Whatever precedes the line containing "https: img-z.okeinfo.net content" is not copied; that line and every line after it through the final one below are copied exactly, except pictures.

[[ SOURCE DATA, beginning ]]

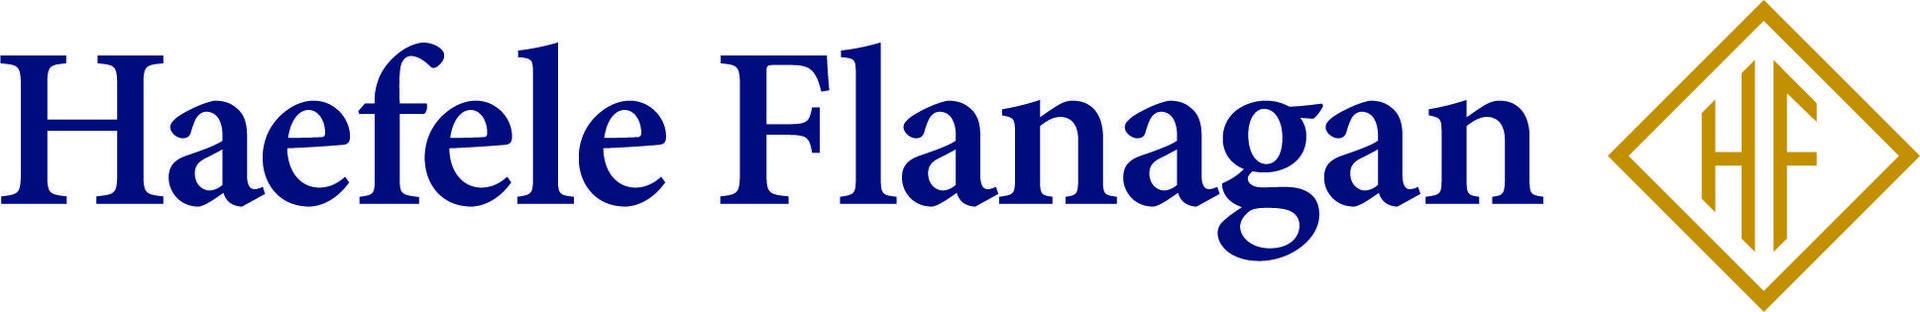 Haefele Flanagan
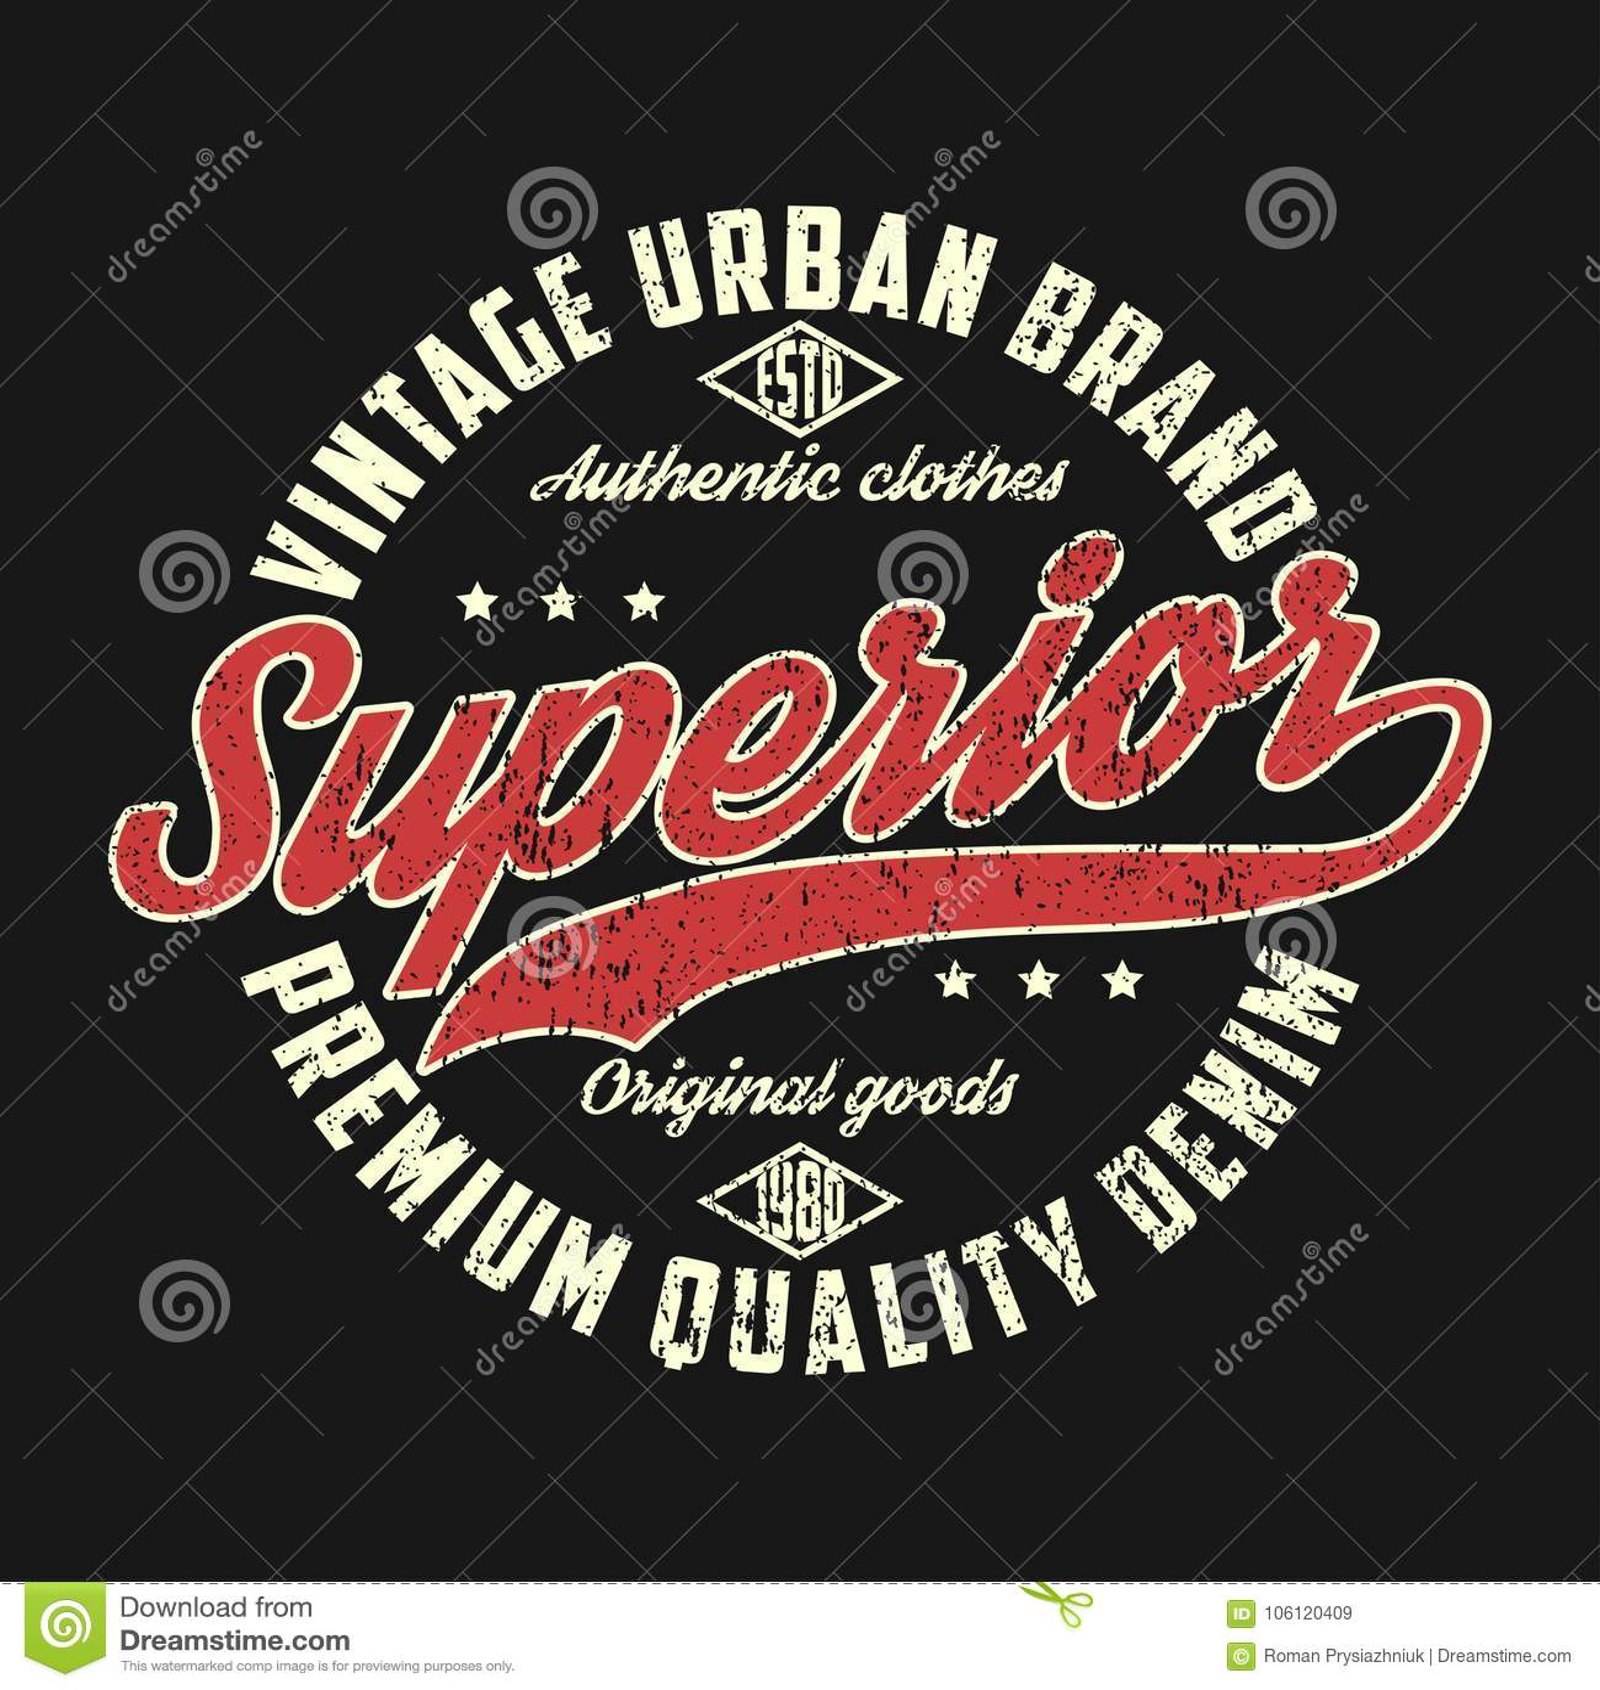 Sarja de Nimes superior, gráfico urbano do tipo do vintage para o t-shirt
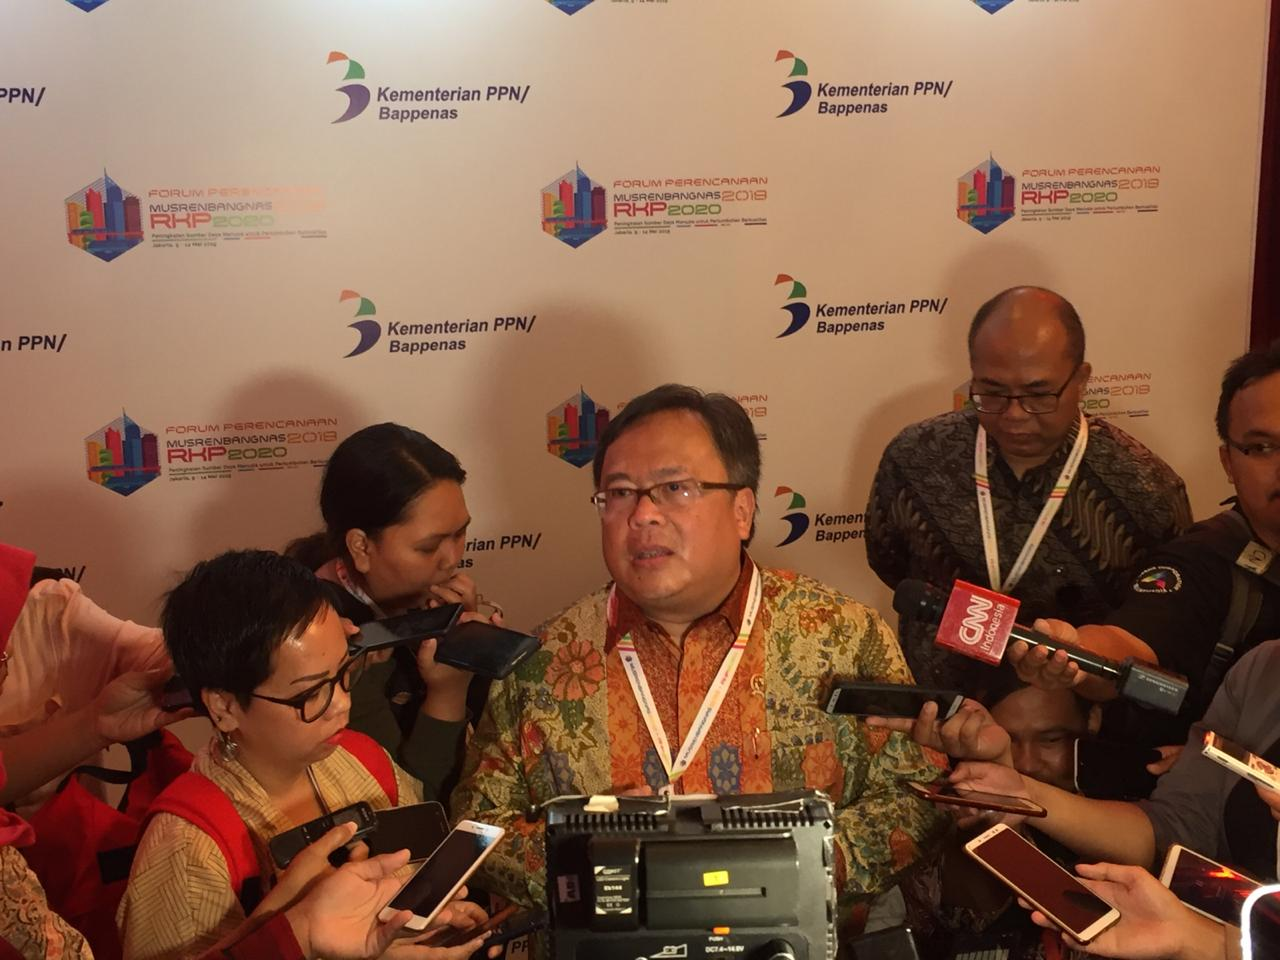 https: img-z.okeinfo.net content 2019 05 09 20 2053485 4-syarat-agar-ekonomi-indonesia-terbesar-nomor-5-di-dunia-m6RboFNhrT.jpeg
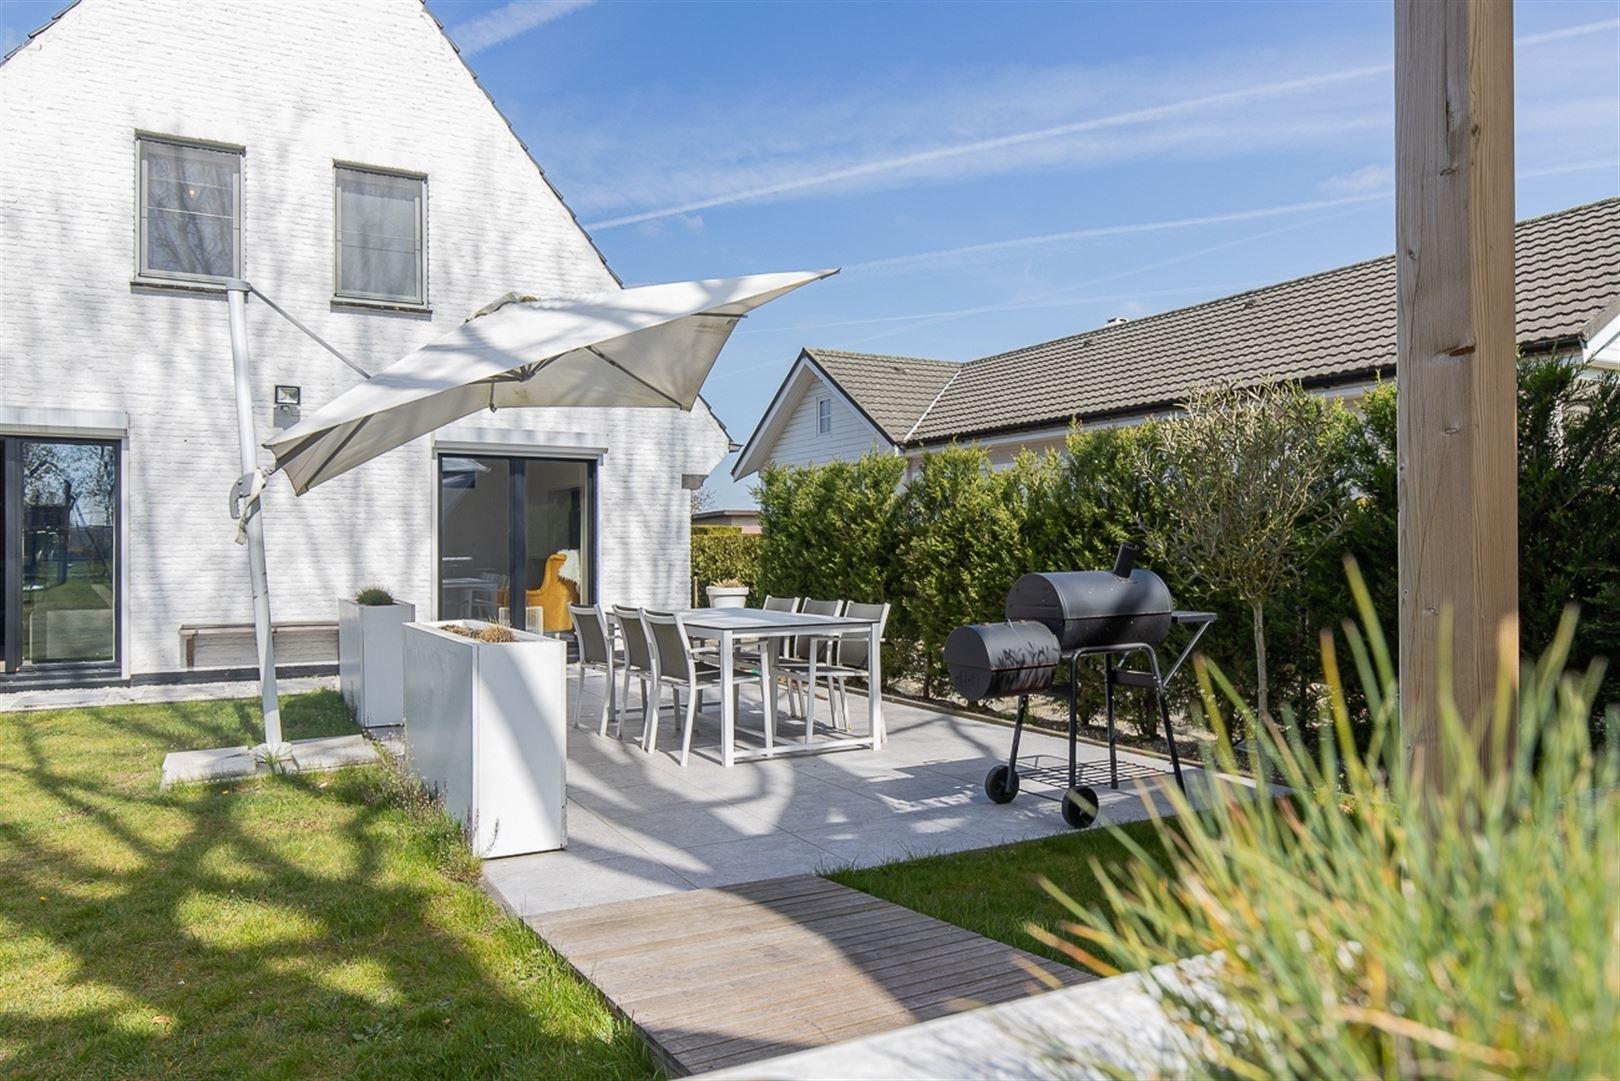 Foto 21 : Villa te 9100 SINT-NIKLAAS (België) - Prijs € 549.000

[[ SOURCE DATA, end ]]

ANSWER SECTION>
 https: img-z.okeinfo.net content 2019 05 09 20 2053485 4-syarat-agar-ekonomi-indonesia-terbesar-nomor-5-di-dunia-m6RboFNhrT.jpeg
 Foto 21 : Villa te 9100 SINT-NIKLAAS (België) - Prijs € 549.000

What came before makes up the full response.